Last edited by Tom400CFI; Sep 7, 2013 at 06:15 PM.
Sure sounds like a busted compressor - I can't imagine anything else that would create that sort of load. What does the belt look like? I've never had one be so kind on any vehicle I've owned. They've just seized and made a god awful mess. You can ask the pros on the Board at www.ackits.com - maybe one of them can come up with something else.
Mine has done this at idle since H/C, but dramatically worse when the air sensor, forget name on the TB gets fouled. I need to clean mine now. It drops to 1k rpm. I am going to have it to bump up more when AC is on when I get it retuned.
Just had AC worked on and they wanted to replace compressor because of drag. I explained it was due to cam and IAS needing cleaning, and has done this for 7 yrs. I usually just turn off at idle, but a pia when hot out.
Sure sounds like a busted compressor - I can't imagine anything else that would create that sort of load. What does the belt look like? I've never had one be so kind on any vehicle I've owned. They've just seized and made a god awful mess.
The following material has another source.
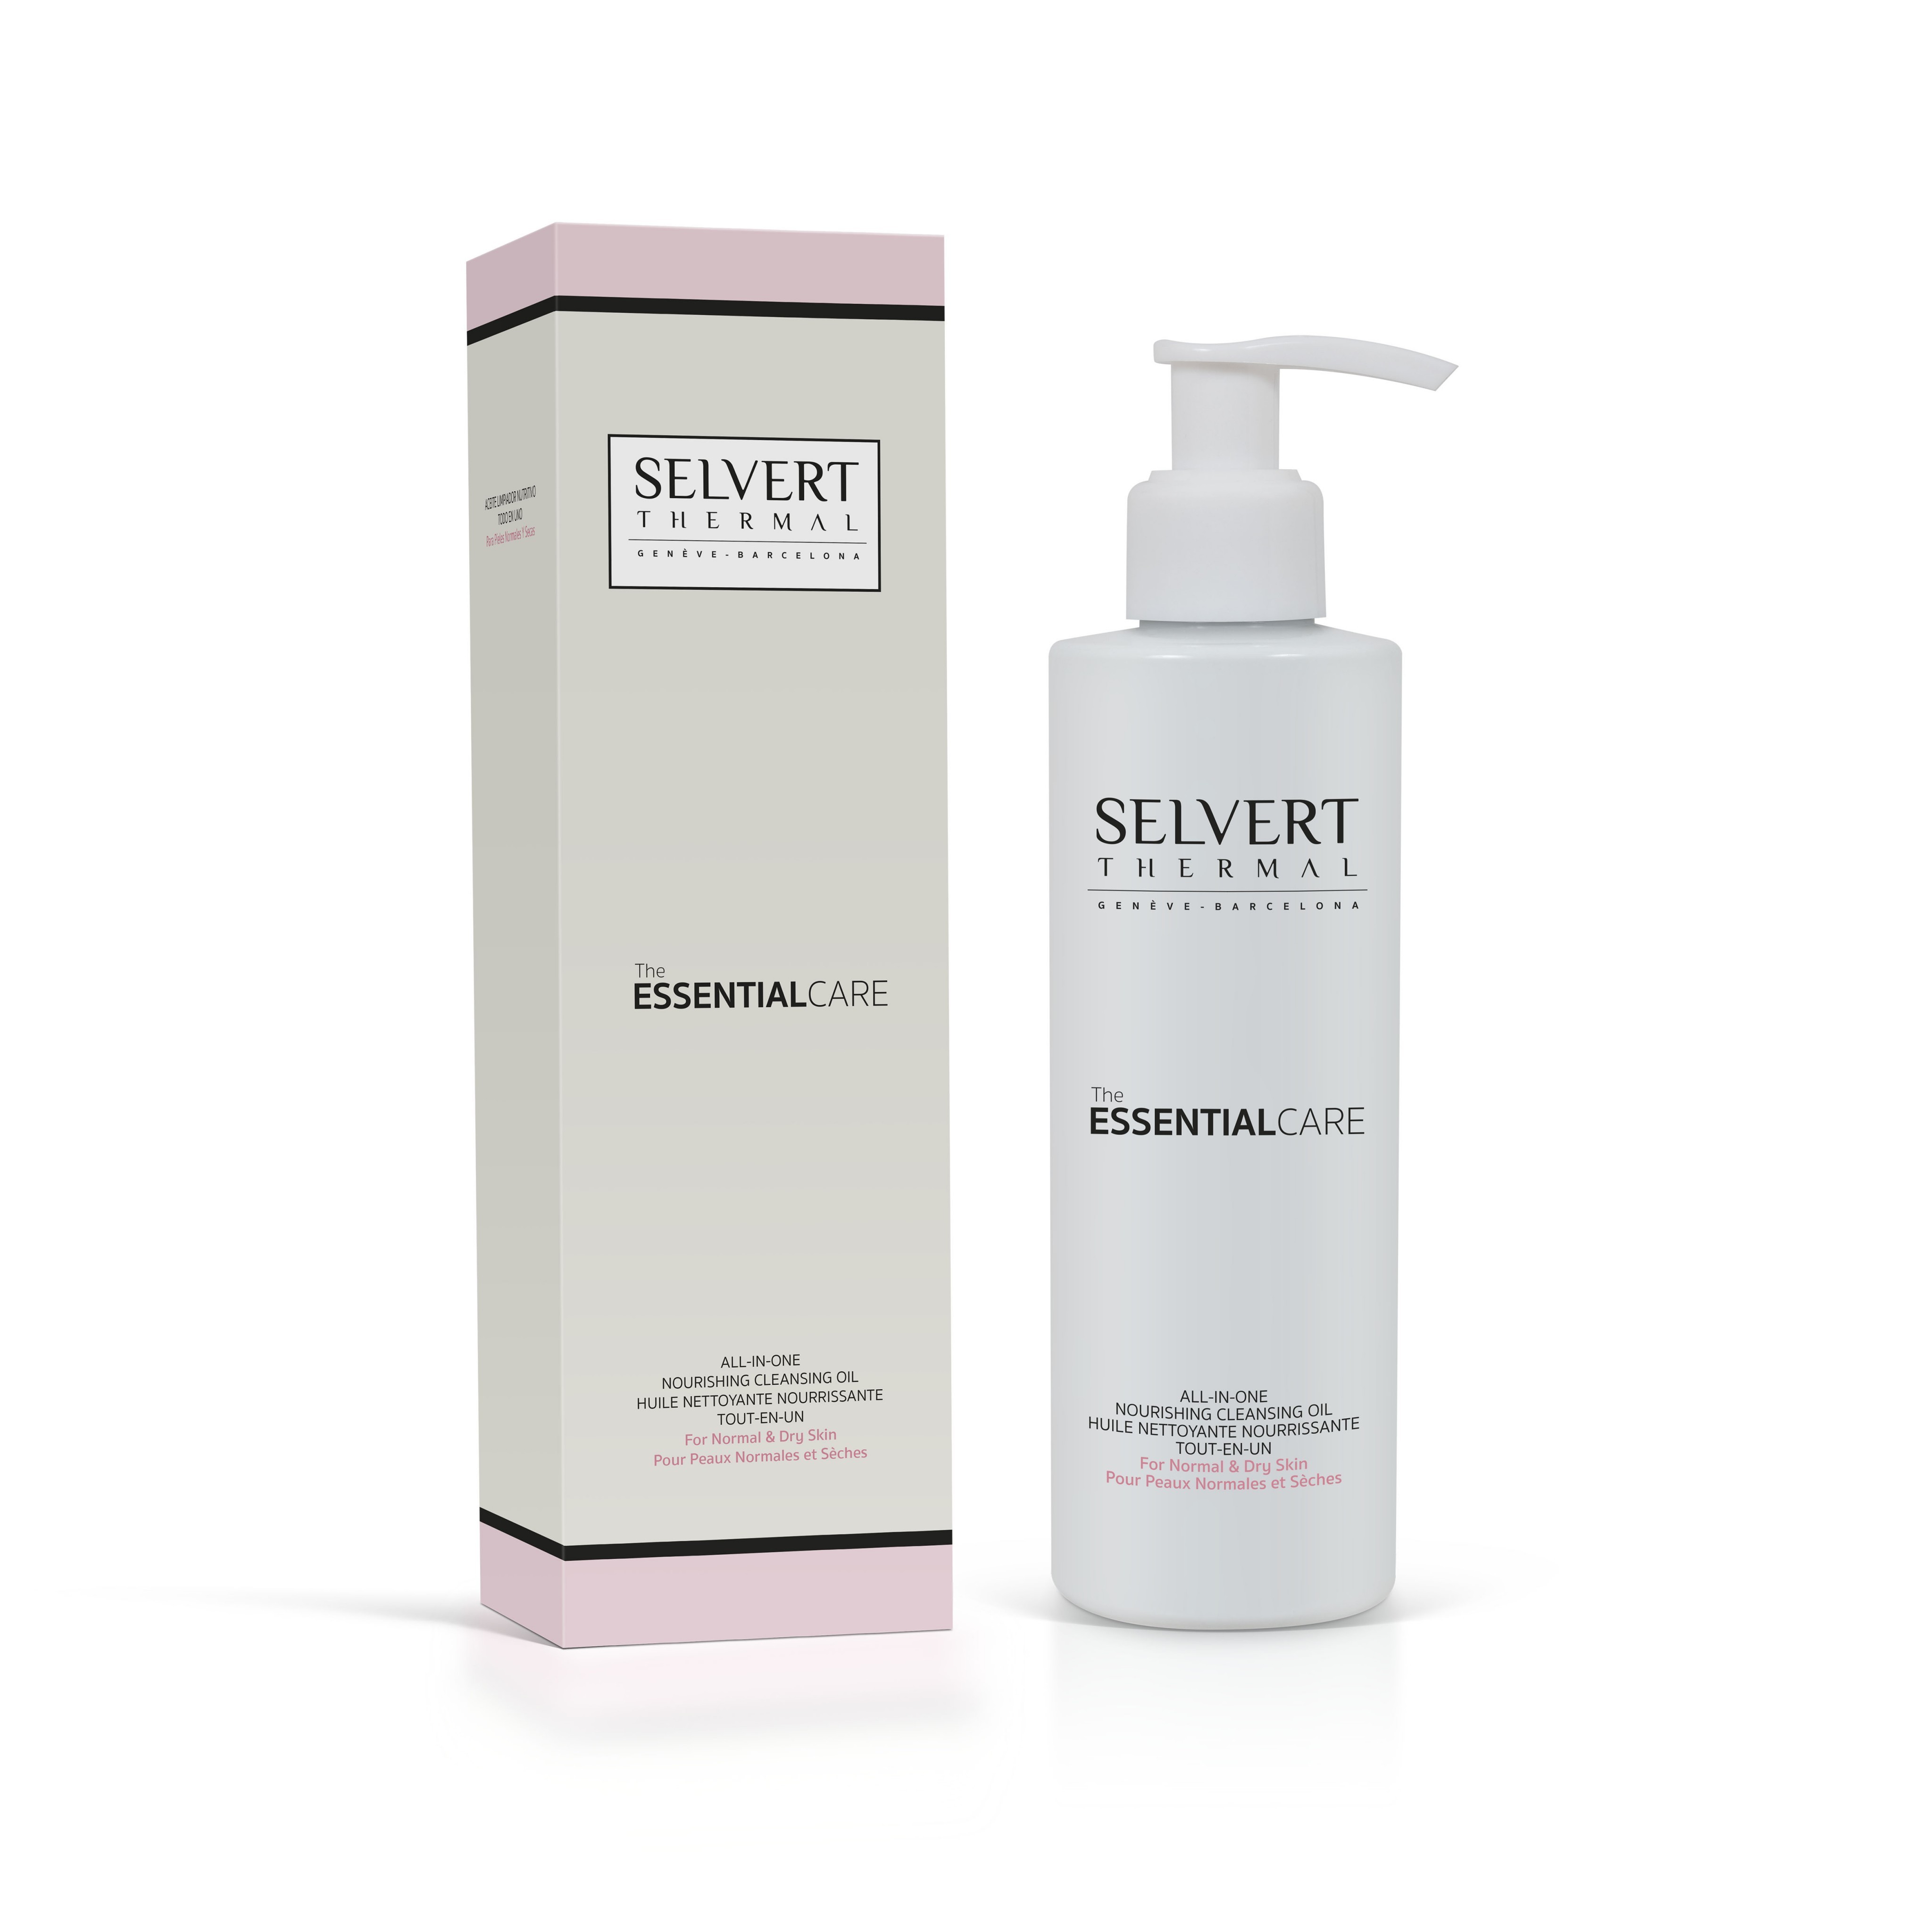 Gentle oil cleanser for dry, normal and mature skin

You can ask the pros on the Board at www.ackits.com - maybe one of them can come up with something else.
The belt looks good, but is pretty new (<10,000 miles). When I first bought the car, I shredded the belt with the AC on during a quick WOT blast. The belt took out my CTS and plug. Replaced the belt, CTS, and two pin plug and it's been fine since.
I checked a few things this evening;
1. The clutch clearance is .019". I can squeeze a .020 in there, but basically, it seems like it's where it should be.
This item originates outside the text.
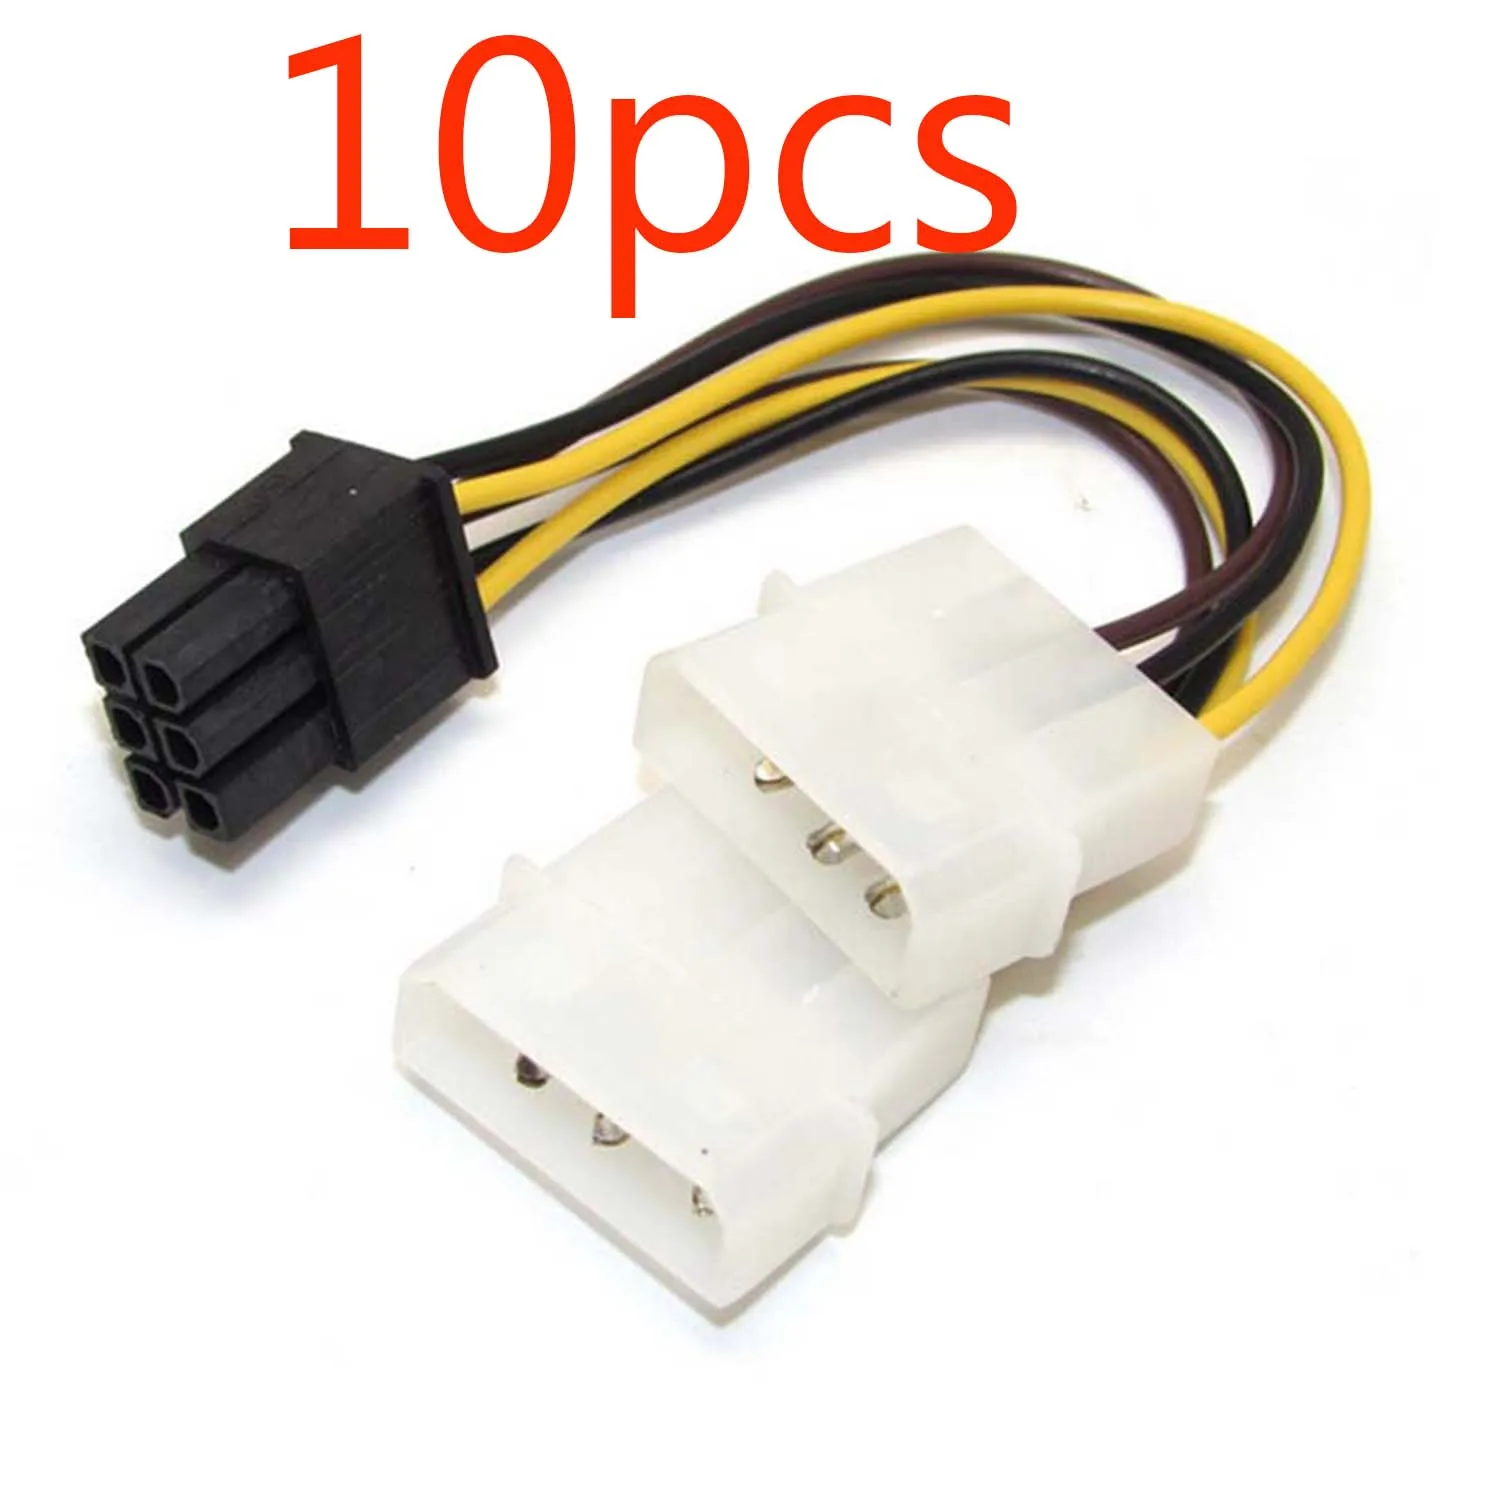 10pcs  2Dual 4 Pin Molex IDE to 6 Pin PCI-E Graphic Card Y Power Cable Adapter

2. I started the car and let it idle for a while w/the AC on. I ran the AC on "max"(?) (manual system [C60...not C68], recirculate, full cold, full fan) for a while. Ambient temps were ~65*F. Center vent temps were between 39 and 42*F. Compressor housing was 149*F. IAC counts went from 16-20 with the compressor disengaged, to 50-53 with the compressor engaged. How does that seem?
It didn't seem bad today at all. Now I'm wondering if it is worse when the temps are higher? I'll check IAC counts again when it's hot out.
Last edited by Tom400CFI; Sep 9, 2013 at 01:15 AM.
Tom, was your A/C converted over to 134a.. if so, I would question wheather it was properly flushed, and with the proper oil installed.. just a thought.. I can barely feel my (95) A/C ingagement during idle. If your still running R12 I would be concerned wheather there is much oil left in the Compressor,, maybe it's running dry!